To get a little help with my analysis, I turn to my VantagePoint Intermarket Analysis Software (www.TraderTech.com), which does suggest some fresh downside corrective price pressure on the horizon for April crude oil futures in the near term. VantagePoint is a valuable trading tool that employs intermarket analysis to forecast near-term price trends. The crude oil market has been one key “outside market” on which many other markets have focused for many months, an example of the intermarket phenomenon that occurs in all markets.
See on the VantagePoint daily crude oil chart that the predicted medium-term moving average of typical prices two days ahead (blue line) has rolled over and may be poised to produce a bearish crossover indication by moving below the actual medium-term moving average of the close (black line).
Bearish indicator
Also note on the daily chart for April crude oil futures that VantagePoint’s predicted stochastic indicator is in a bearish posture. The indicator has recently been above its upper threshold of 80, which indicates overbought conditions, and has turned down to produce a bearish crossover as the predicted stochastic line crossed below the “trigger” line of the indicator.

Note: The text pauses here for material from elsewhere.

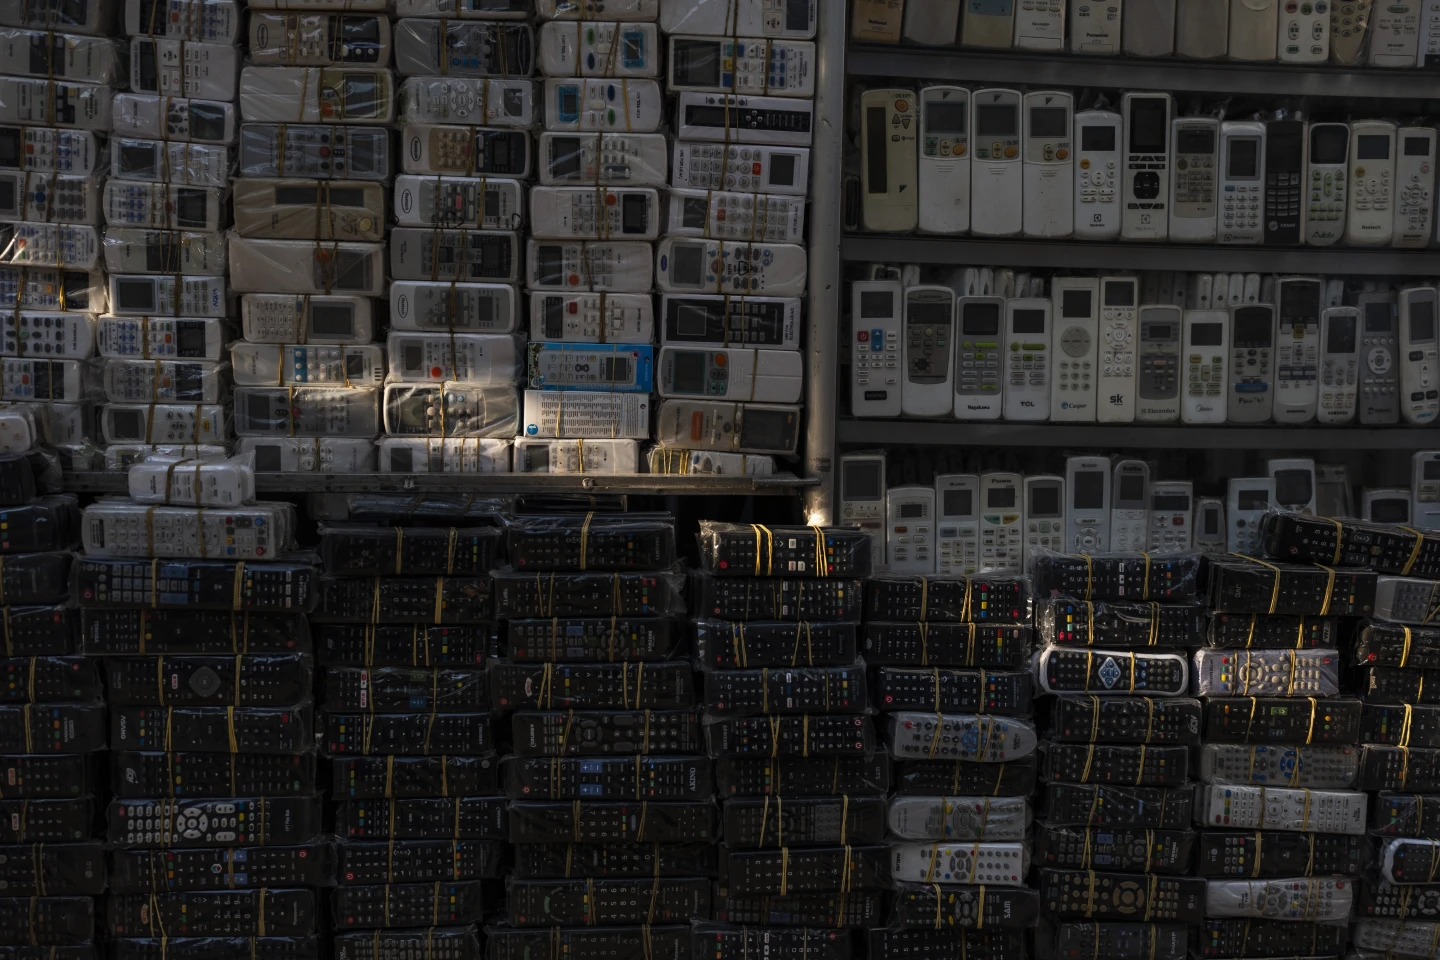 Used remote controls for various home appliances are lit by afternoon sunlight in Nhat Tao market, the largest informal recycling market in Ho Chi Minh City, Vietnam, Sunday, 28 January 2024. Photo: Jae C. Hong / AP Photo

The predicted stochastic indicator is based on the position of the close relative to the high or low of the day. During periods of price decreases, the daily closes tend to accumulate near the daily lows. During periods of price increases, the daily closes tend to accumulate near the daily highs. VantagePoint’s predicted stochastic indicator is an oscillator designed to predict overbought and oversold conditions one day in advance.
Predicted stochastic (PStoch on the chart) predicts a 14-day stochastic oscillator (%K) one day ahead, comparing the market’s current close to its price range over a period of time. Stochastic trigger predicts a 3-day moving average (%D) of the stochastic oscillator (%K) one day ahead.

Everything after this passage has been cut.